With all due respect elder; John Gill was a high calvinist. Not a hyper.


----------



## rbcbob (Aug 11, 2009)

DavidinKnoxville said:


> rbcbob said:
> 
> 
> > bookslover said:
> ...



I appreciate the input David and your respectful attitude as well. Indeed there continues to be debate about Gill's particular strand of Calvinism. I do not believe he was as hard-shell as his followers, such as Brine but Gill had by the 1720's begun to distance himself from his 1689 brethren, drawing up his _Declaration of Faith and Practice_ in 1729.


----------



## JML (Aug 11, 2009)

rbcbob said:


> bookslover said:
> 
> 
> > I'm going to try to take a whack at reading John Gill's systematic theology. The edition I'm using is this one: _A Complete Body of Doctrinal and Practical Divinity, or, A System of Evangelical Truths Deduced from the Sacred Scriptures_ by John Gill; 3 volumes (London: W. Winterbotham, 1796).
> ...




I don't mean to be difficult but a lot of times the same words mean different things to different people. Could you define what you mean the bolded statement above? Is the fact that he believed in eternal justification make him a hyper-Calvinist or what doctrines did he believe that made him according to your definition a hyper-Calvinist? Just trying to understand your statement. Thanks.


----------



## JM (Aug 11, 2009)

“It is reported of the dove, that it will allure wild doves by its familiar converses into the dove-house with it: those who are called by grace, will use all proper ways and methods to allure and gain others to Christ, and to compliance with his ways and ordinances, as the church does the daughters of Jerusalem in this Song.” John Gill on Song of Solomon II:14

No, Gill was not a Hyper. I’ve read much, MUCH of his work and highly recommend him to all. The Cause of God and Truth is one of the best works on Calvinism ever written.
jm


----------



## rbcbob (Aug 11, 2009)

John Lanier said:


> rbcbob said:
> 
> 
> > bookslover said:
> ...



Gill was an important figure in Baptist history and I will continue to consult his writings _all the while seeking to discern his blind spots_.

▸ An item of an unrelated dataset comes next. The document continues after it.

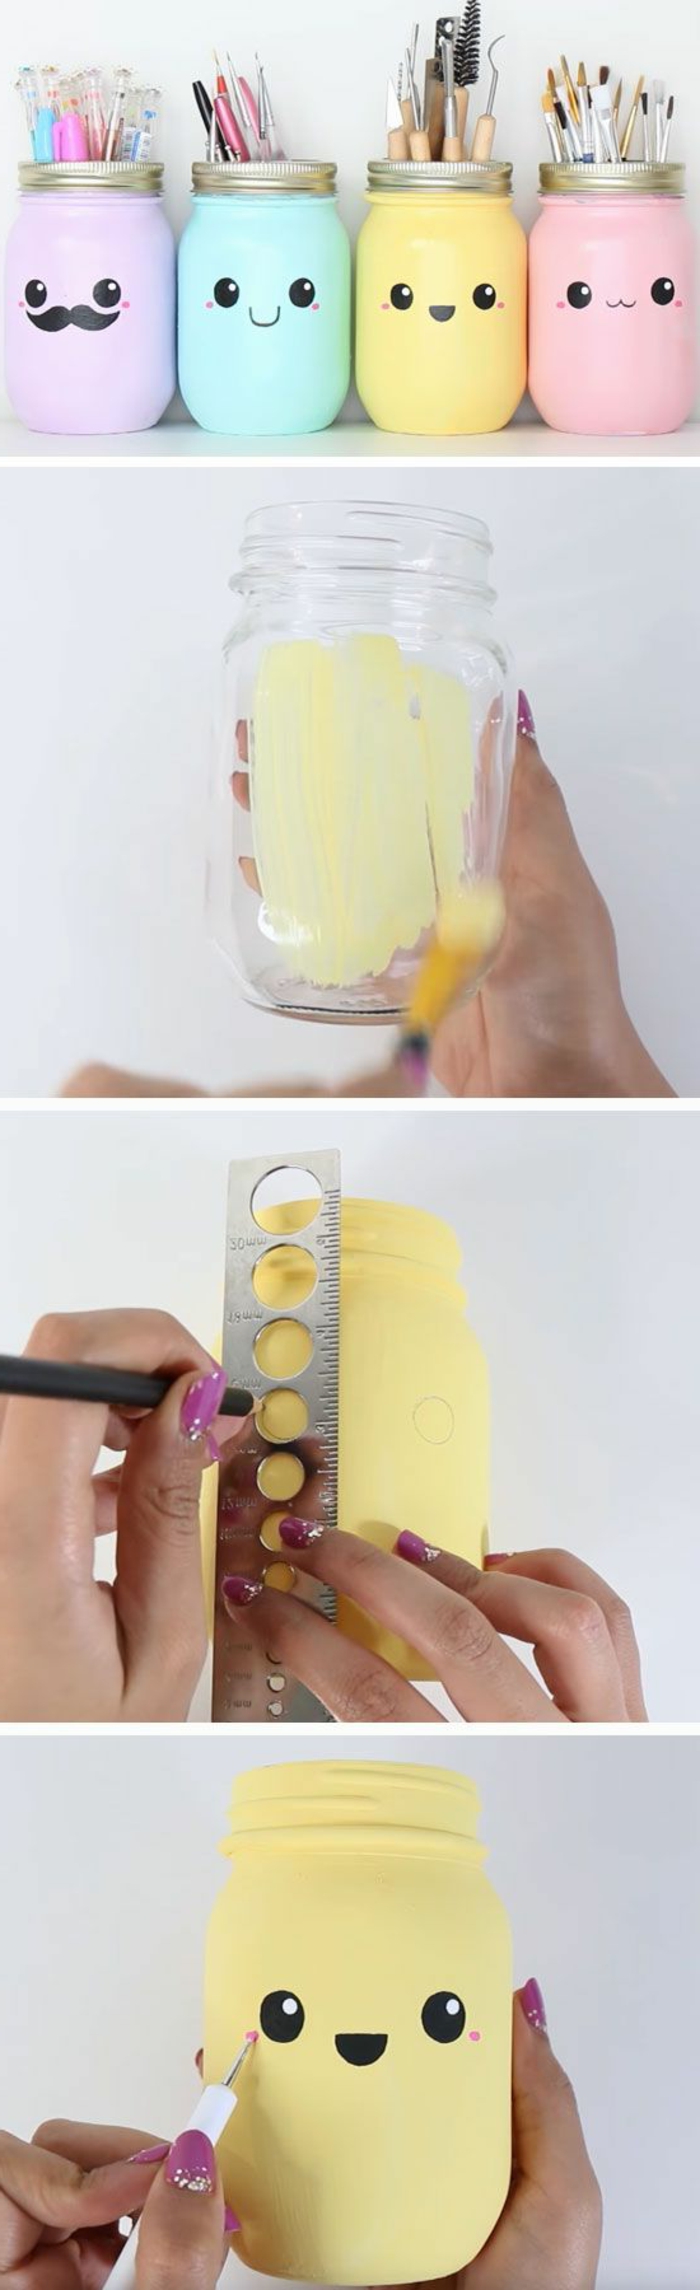 idée comment fabriquer un pot a crayon diy à partir de bocal en verre, repeint et décoré dessin bonhomme, idée de génie bricolage, activite manuelle

By Hyper-Calvinist I mean the practical outworking of a rigid supralapsarian theology which results in a passivity relative to the gospel.

Gill wrote:_That there are universal offers of grace and salvation made to all men, I utterly deny; nay I deny that they are made to any; no not to God's elect: grace and salvation are promised for them in the everlasting covenant, procured for them by Christ, published and revealed in the gospel, and applied by the Spirit_ from THE DOCTRINE OF PREDESTINATION STATED- 1752


----------



## JM (Aug 11, 2009)

http://www.puritanboard.com/f15/where-you-calvinism-chart-20840/

start here: http://www.puritanboard.com/f18/new-john-gill-audio-51521/


----------



## JML (Aug 11, 2009)

rbcbob said:


> John Lanier said:
> 
> 
> > rbcbob said:
> ...




So, you mean because he didn't believe in a "free offer" of the gospel?


----------



## JM (Aug 11, 2009)

The audio on Gill is really worth listening to.


----------



## rbcbob (Aug 11, 2009)

John Lanier said:


> rbcbob said:
> 
> 
> > John Lanier said:
> ...



"But it may be said, if conversion is not in the power and will of men, to what purpose are such exhortations as these; “Repent, and turn yourselves from all your transgressions; turn yourselves, and live ye?” and again, “Repent ye therefore, and be converted?”Ezekiel 18:30,32; Acts 3:19
to which it may be replied, That these passages have no respect to spiritual and internal conversion, but to an external reformation of life and manners."-Gill, Body of Divinity, p.549


----------



## rbcbob (Aug 11, 2009)

> Bob, where do those passages speak of God offering grace?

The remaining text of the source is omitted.